In the past few weeks, there have been quite a few articles and interviews siren calling the coming disruption from AI to jobs, industries, and society. These warnings echo like a persistent alarm, growing louder with each technological breakthrough. I am certainly not here to dispel the possible upending of what we know. It may be a time of mass disruption and uncertainty if not managed well. 

But I want to refocus on what that siren call might be drowning out: the power of the arts, community, and collective experiences of pure joy that can become the economic foundation of our future work lives. 

Consider how this might function in practice. As AI handles more routine cognitive tasks, human work could shift toward roles that require cultural fluency, emotional intelligence, and the ability to create meaningful shared experiences. Event curators who understand the dynamics of community building. Facilitators who can guide groups through creative processes that generate both personal fulfillment and economic value.
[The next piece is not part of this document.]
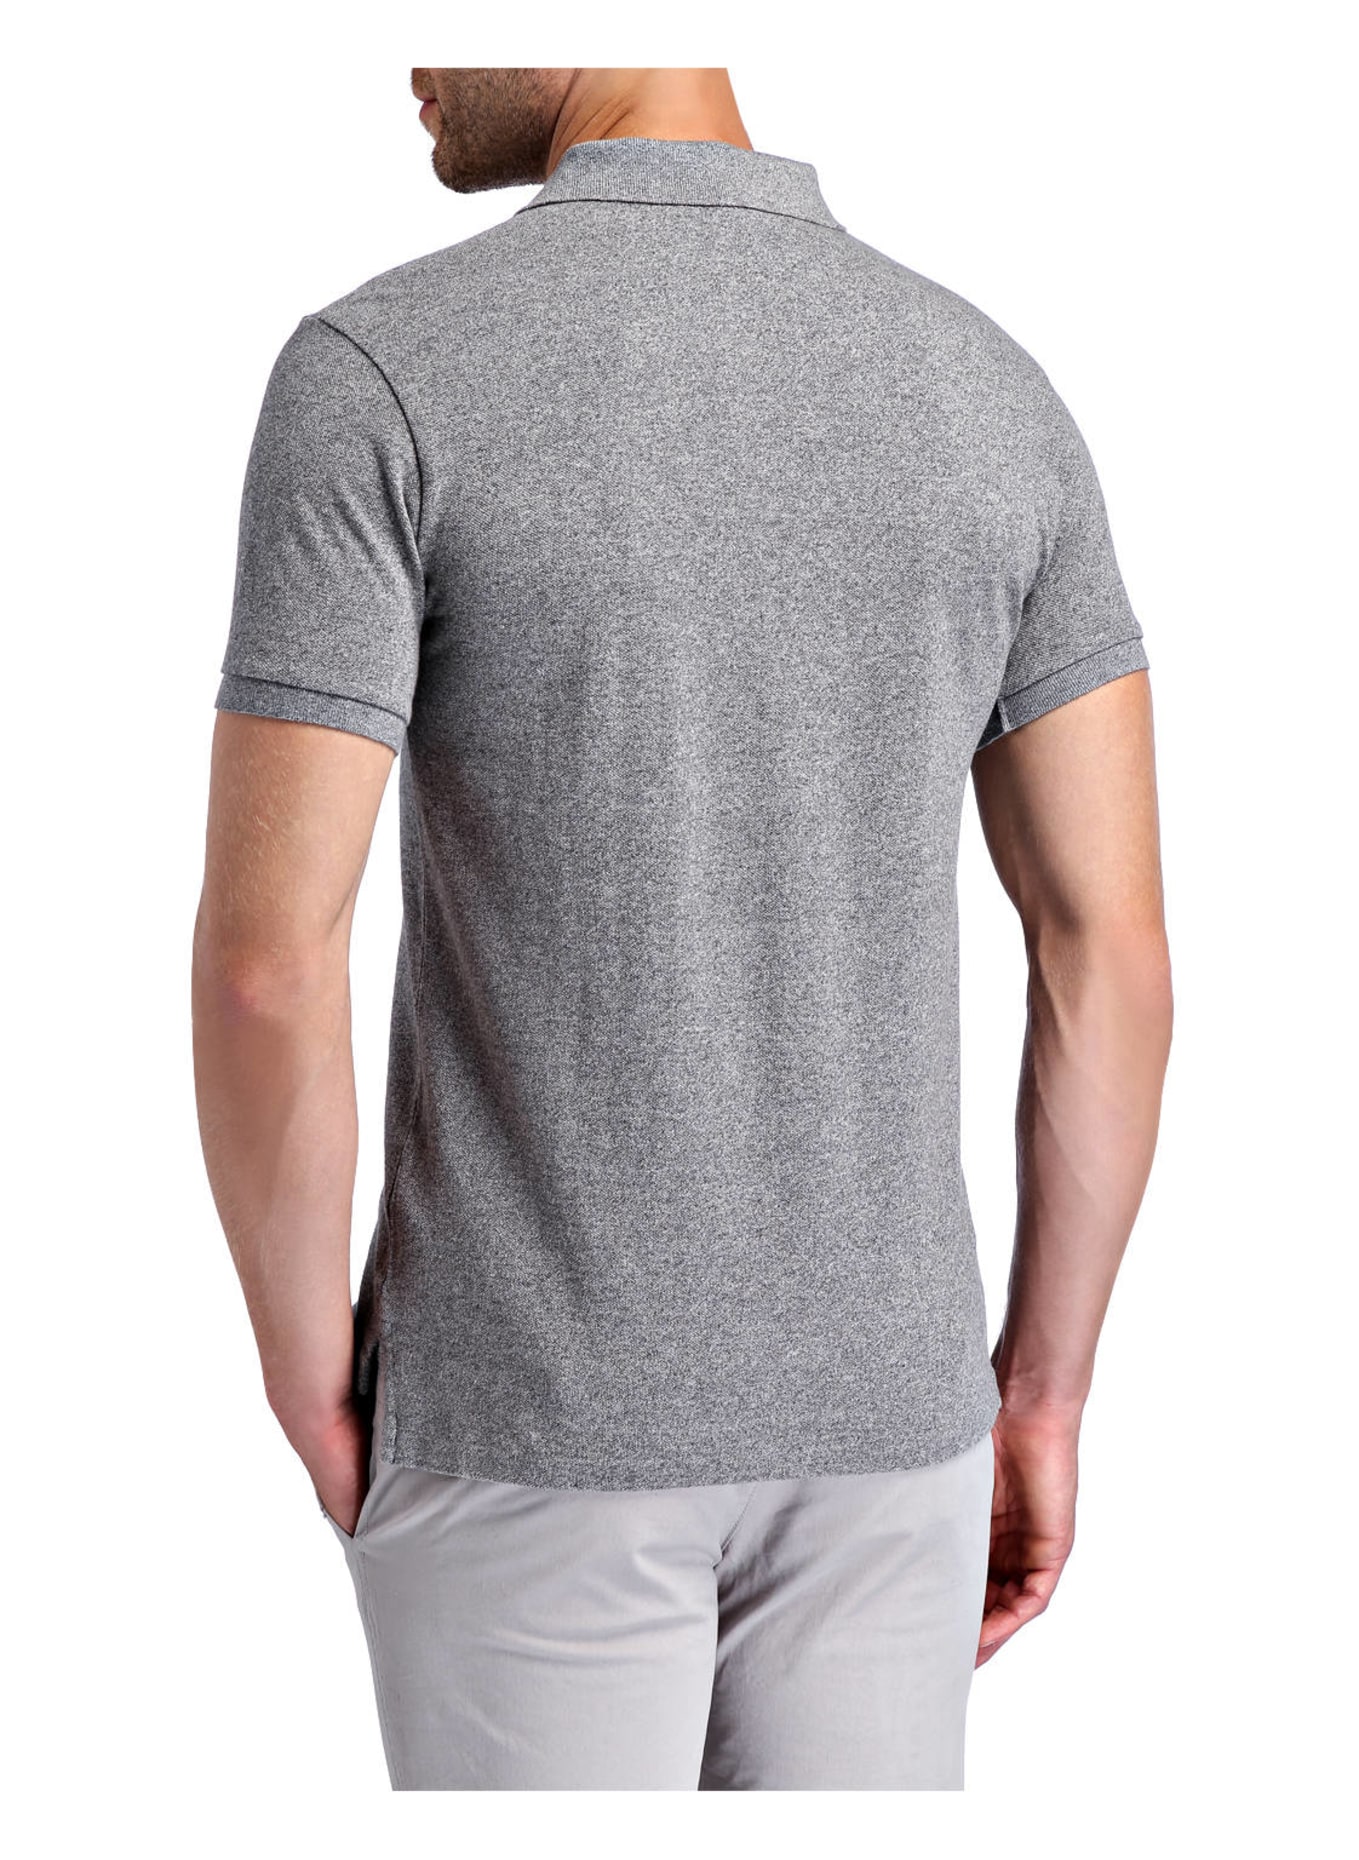 POLO RALPH LAUREN Piqué-Poloshirt Slim Fit, Farbe: GRAU MELIERT (Bild 3)

Artists who don’t just create objects, but design experiences that help communities process change and build resilience. 

The magic I felt at First Avenue wasn’t just entertainment – it was a form of collective meaning-making and remembrance that no algorithm could orchestrate. This suggests that our economic future might not be about competing with AI but about doubling down on the human capacity to create connection, meaning, and joy together. 

The question isn’t whether AI will disrupt our work. The question is whether we’ll recognize that our most human qualities – our ability to create transcendent moments together – might be exactly what the future economy needs most.